* **Exercise requirements**: If pictures appear among the lines below, leave them out while you return exactly the lines from the one with "JoRiJoRi No.6 59ページ" through the one with "La reunión, que".

* **Input material**:
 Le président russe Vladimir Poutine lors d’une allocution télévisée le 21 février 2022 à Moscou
---
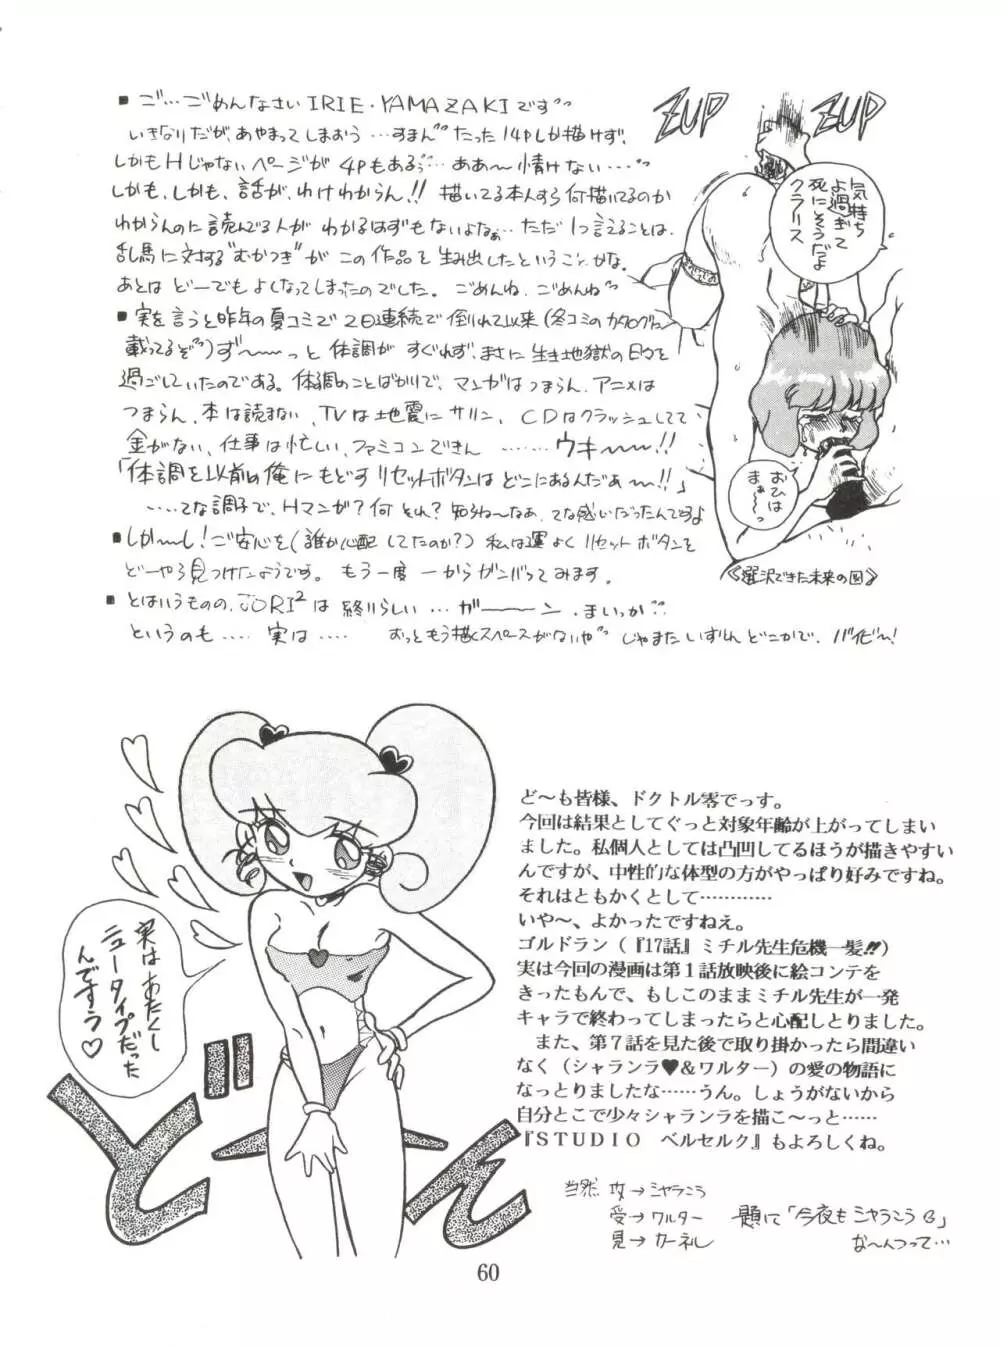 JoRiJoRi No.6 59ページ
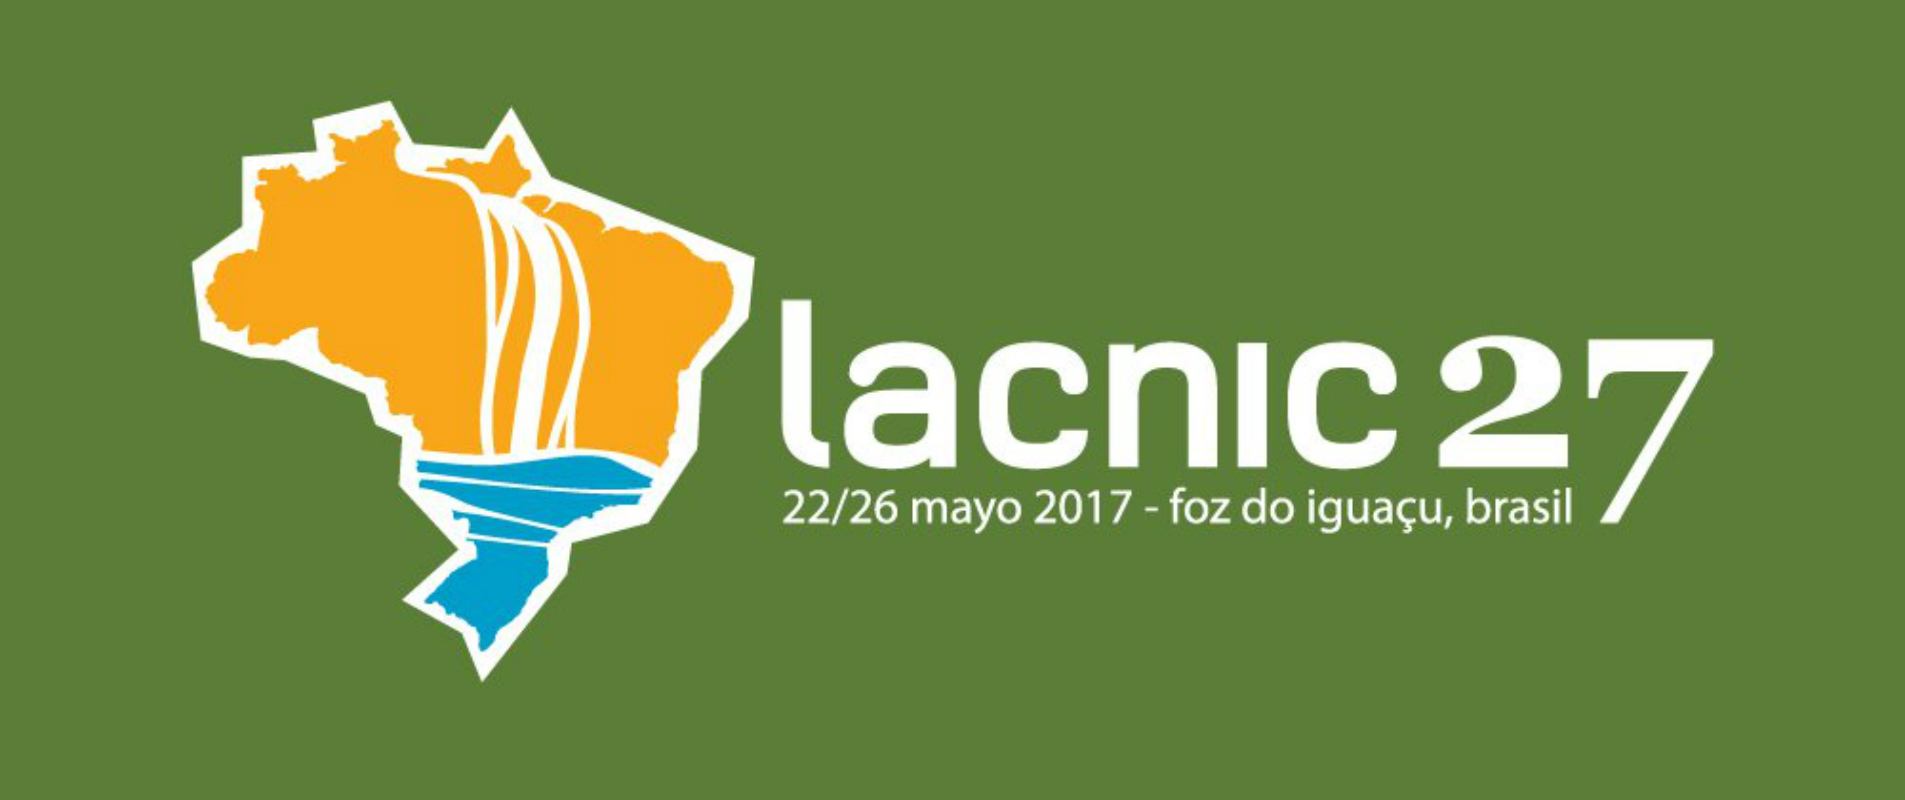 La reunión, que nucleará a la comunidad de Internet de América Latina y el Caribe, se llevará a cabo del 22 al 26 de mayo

* **Solution for this problem**:
 JoRiJoRi No.6 59ページ
 La reunión, que nucleará a la comunidad de Internet de América Latina y el Caribe, se llevará a cabo del 22 al 26 de mayo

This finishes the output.